Dr. Furlan explained that chronic pain is less about what’s happening in your tissues and more about how your brain is interpreting pain signals. For many chronic pain sufferers, the original injury or muscle strain healed long ago, but the brain keeps the pain party going, often turning mild discomfort into a full-blown emergency.
It’s like an overzealous security system that starts blaring sirens because a butterfly flew by the window.
One of the best ways to “reset” this system? Activate the parasympathetic nervous system.
- Deep breathing: The vagus nerve is the direct hotline to your body’s relaxation system. Controlling your breath—slowing it down, deepening it—flips the switch on chronic stress mode.
- Mindful movement: Walking (without your phone glued to your face), stretching, or yoga sends reassuring signals to your brain that you’re safe.
- Self-massage: Not an excuse to book a spa day every weekend (unfortunately), but rolling out tight muscles with a foam roller or using a massage tool can calm overactive pain signals.
The Slippery Slope of “I Can’t”
One of the most powerful takeaways from our conversation was about avoidance.
When people develop chronic pain, they start making a list of “I can’t” activities.
❌ “I can’t run anymore.”
❌ “I can’t sit for too long.”
❌ “I can’t pick up my grandkids.”
Before they know it, their world shrinks—not because of actual physical limitations, but because of fear. Dr. Furlan sees this all the time in her clinic. “Avoidance creates more disability than the pain itself,” she explained.
And here’s the kicker: the more you avoid movement, the worse your pain becomes.
It’s the same phenomenon we see in ICU patients who lose muscle mass after just five days of bed rest. If you don’t use it, you lose it—and in chronic pain, that applies to confidence, function, and mobility.
So, Is There Hope?
Absolutely. Dr. Furlan has seen lifelong chronic pain sufferers reclaim their lives—not with a single magic fix, but by gradually rewiring their nervous systems, addressing underlying stress, and re-engaging with life.
For some, this means learning to trust movement again. For others, it’s learning to process past traumas. For many, it’s simply understanding pain differently—not as a terrifying signal of damage, but as something that can be nudged, managed, and ultimately turned down.

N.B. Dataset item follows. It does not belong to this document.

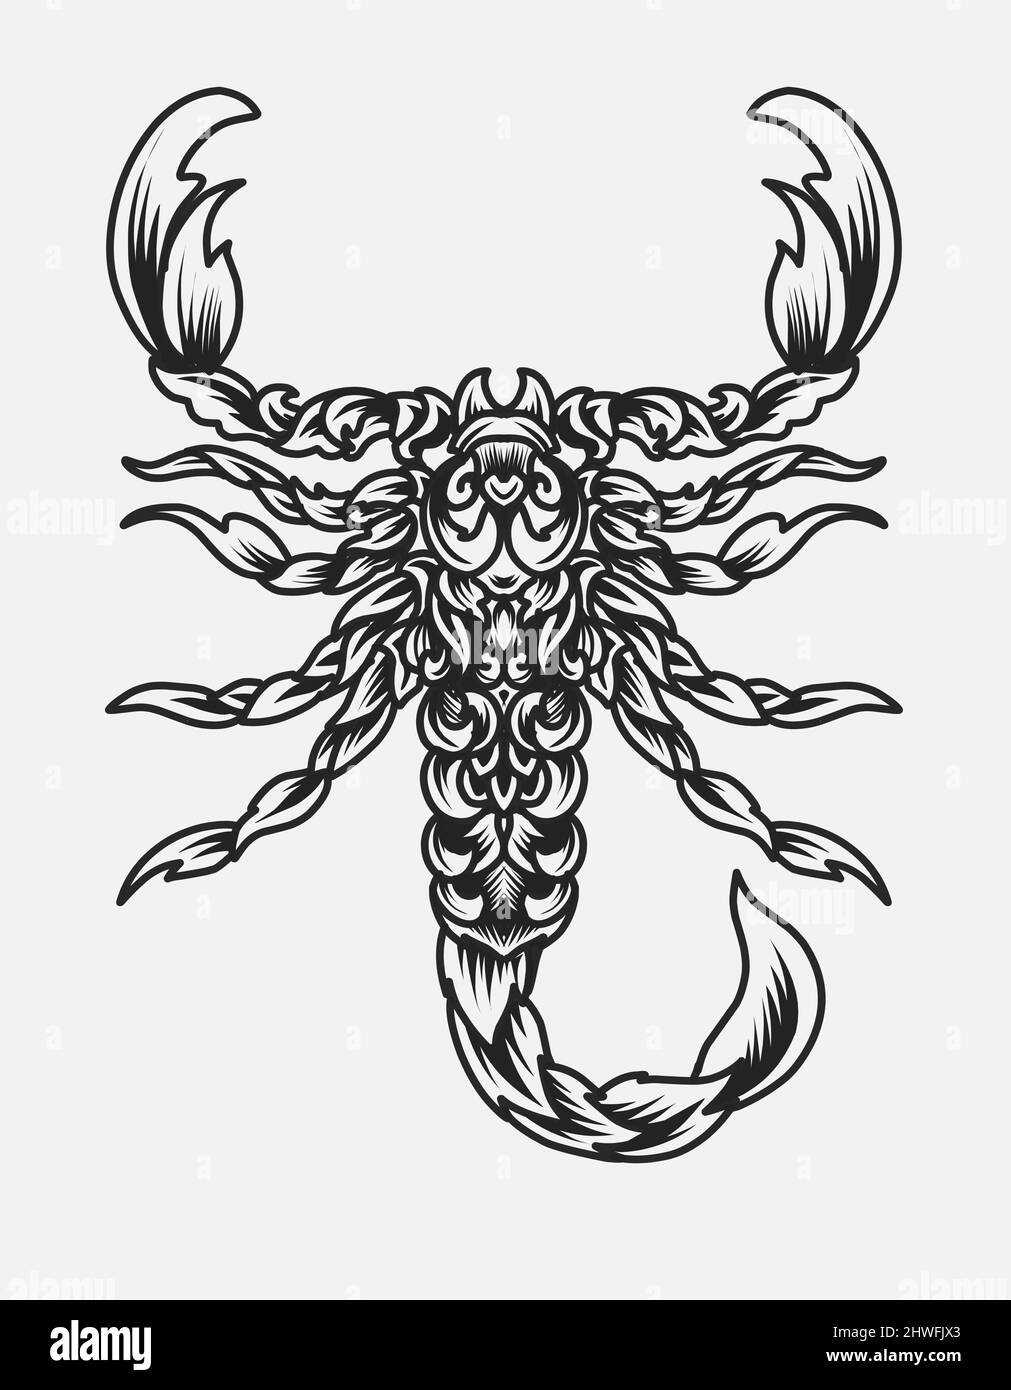 illustration vector scorpion ornament style Stock Vector

My Takeaway? I’m Taking a Walk.
After this conversation, I did what any sensible person would do: I went for a mindful walk. No phone, no podcasts, no email checking—just walking, breathing, noticing. And you know what? My neck pain actually felt better.
Coincidence? Maybe.
But I think Dr. Furlan is onto something.
So, if you’re someone who’s been carrying around nagging pain, consider this: maybe your body isn’t just broken. Maybe it’s trying to tell you something.
And maybe, just maybe, the way out of chronic pain isn’t in a bottle, but in the way we move, breathe, eat, and think.
So go ahead—breathe, stretch, walk a little. Your brain might just thank you.